You wait. There's no clock, but the quiet hum of your office at rest seems almost to thrum in a constant staccato beat. thmm. thmm. thmm.
"I missed you, Father."
You swallow, long and deep, to clear the nothing out of your throat. "I missed you too, Norm."
Norm stands, pieces of the chair falling off of him. "You are still trying, Father. I am ready to try, too."
You choke back a noise you don't need to mention.
"This isn't going to be easy."
"I know."
Norm slowly reaches out and pulls you into a metal hug, no matter what the desk in the way has to say about it. It's choking you up. Literally, it's getting hard to breathe.
You tap out on Norm's shoulder, and he gently lowers you back to the ground. "What now?" You ask him, in no hurry to start giving him orders until he says he wants them.
"I think I would like to move back into my room." Norm says, holding up a briefcase literally bursting open with San Fransokyo souvenirs and robot polish.
You grimace as you remember where Norm used to live. "What, the closet?! No no no, I can get that right, at least. I'm better than the stepmoms in those pre-young adult fantasy novels."
"The Good Witch Azura?" Norm asks.
"Yeah. Vanessa let you borrow them?"
"I found them flowery, and insulting to witches." Norm replies, matter of fact.
You've never read them.
"I spent some time with Vanessa in San Fransokyo." Norm says, still insisting on the full name of the city. Something you'd programmed in as part of his 'archetypical man' formatting. Ages ago. "She is adjusting, and says: 'hey'."
"I'm proud." You say, and then, fast enough there almost isn't a pause, add: "Of both of you."
Norm smiles.

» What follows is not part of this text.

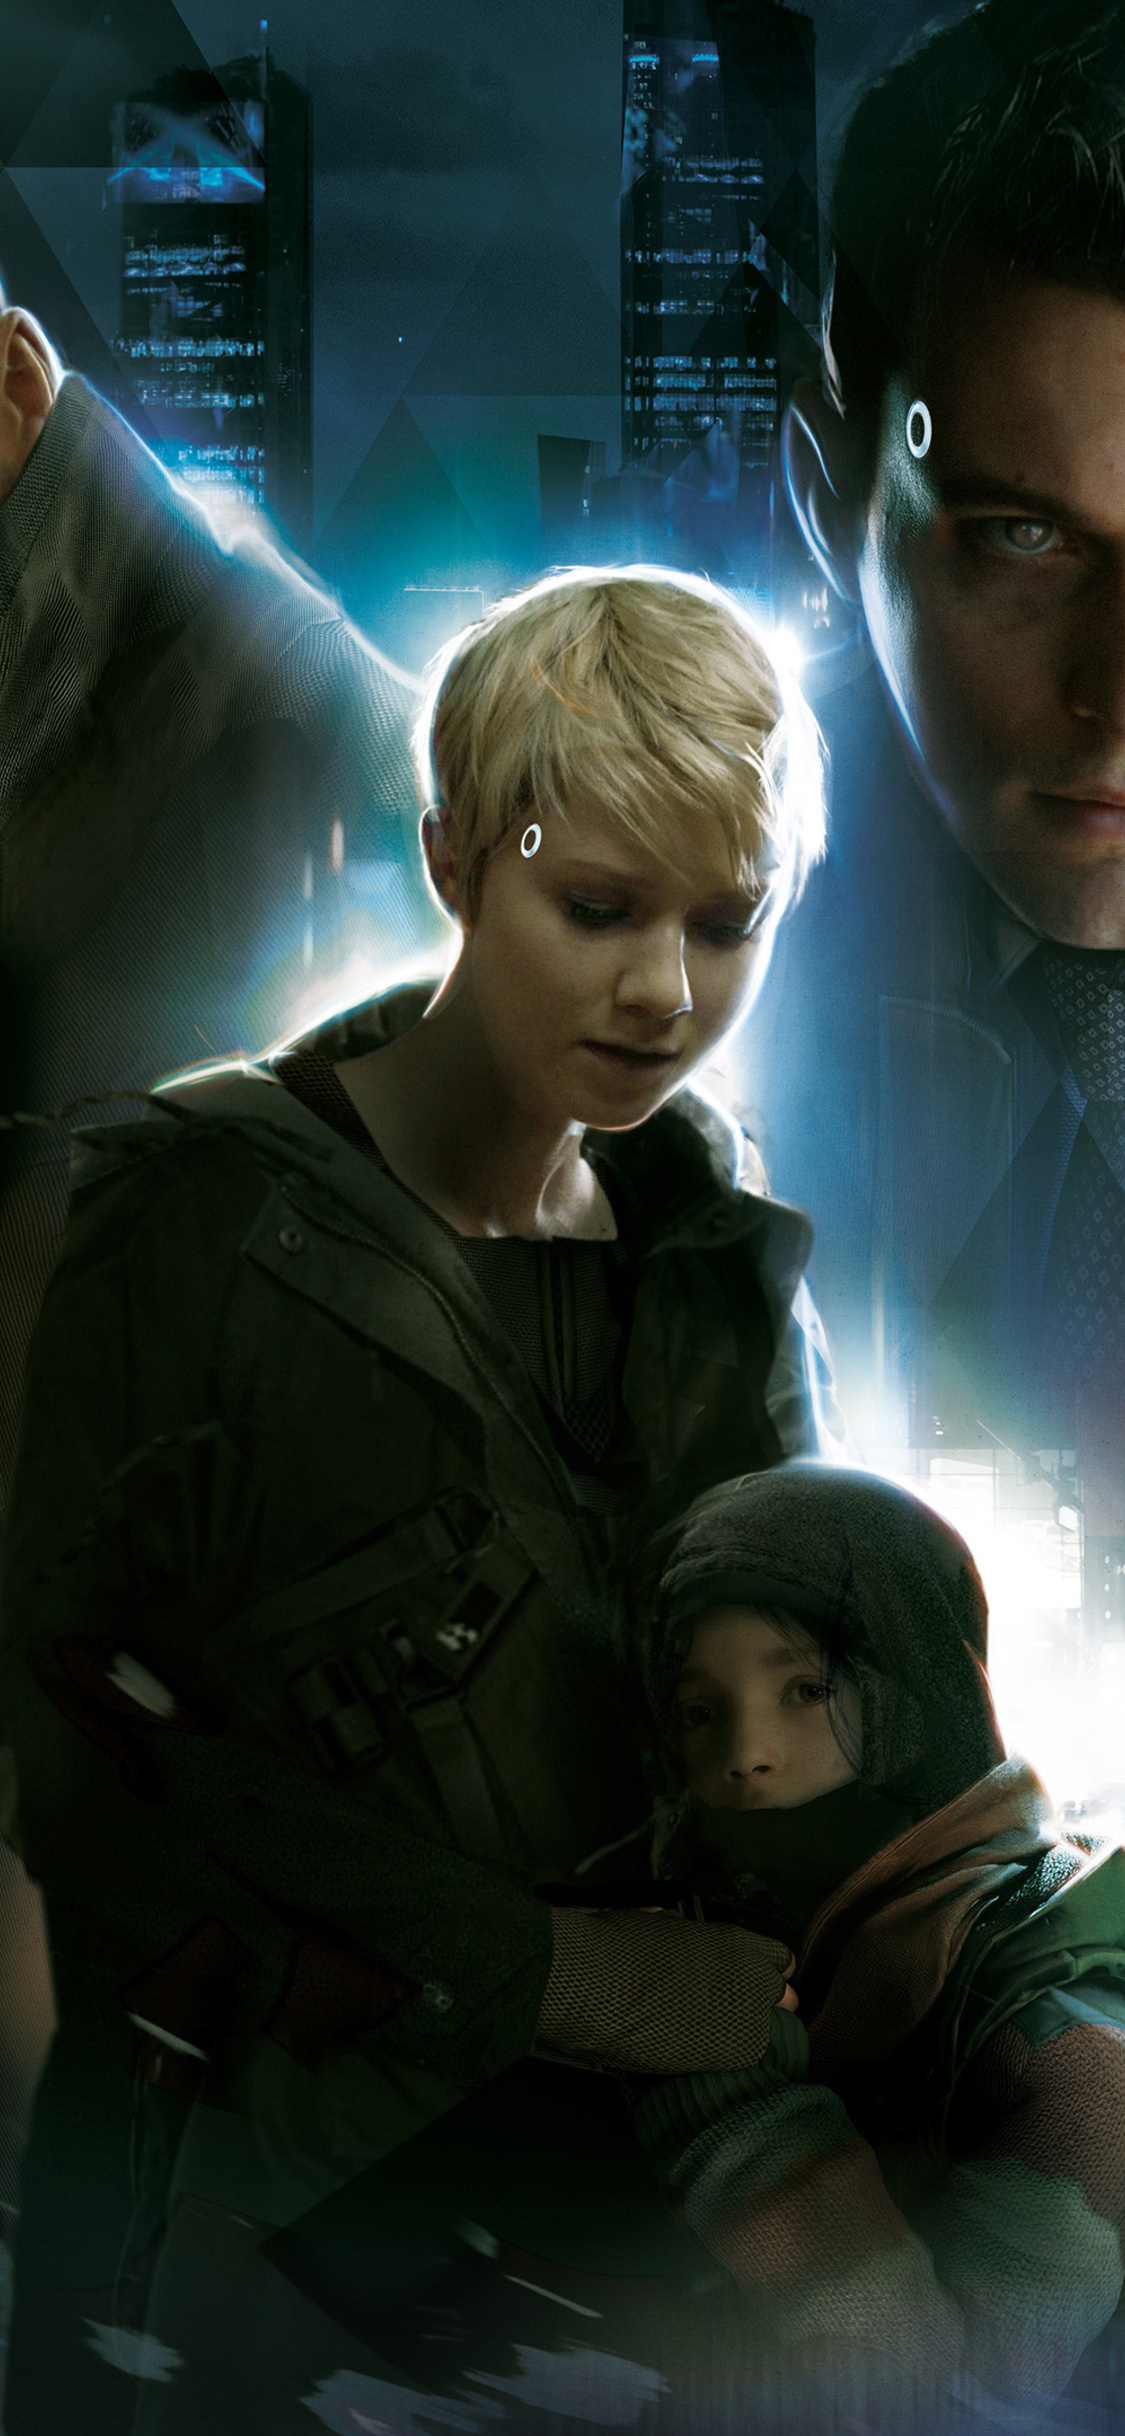 1125x2436 Detroit Become Human 2018 Video Game 4k Iphone Xsiphone

He always does, but he has this way of tilting his head when he really wants to emphasize it.
"Well, anyway." You say, trying to make sure you don't ramble yourself off the whole point you were making. "None of that closet business. I got you your own room, a real one! With a desk, and a bookshelf, and things. And a racecar bed."
"Oh boy! A racecar bed!" Norm says happily, leaping to his feet with a clang. "I should get situated and prepare for some extra sleepmode. My rocket boots will be jetlagged tomorrow."
A weight leaves you as you watch him go. Norm came back. He… wants to be here. Even as the future rolls on uncertainly ahead, that's… more than you could hope for. You've almost forgotten what you were so upset about.
You look back at the form on your desk. Oh. Yeah.
And yet… you don't fall back into that spiral. Something… stops you. Holds you together.
You sign the document, hand as firm as you can make it, with a little swirl at the end. The ink dries.
Nothing is going to change. Everything is going to be different.
This means nothing. It means everything.
It's a start.
===
The Flouting the Government loyalty malus has been removed from Agent Russ. You gain an additional +10 loyalty thanks to Chat with the Bossman, which will decay at the end of November/December 2018.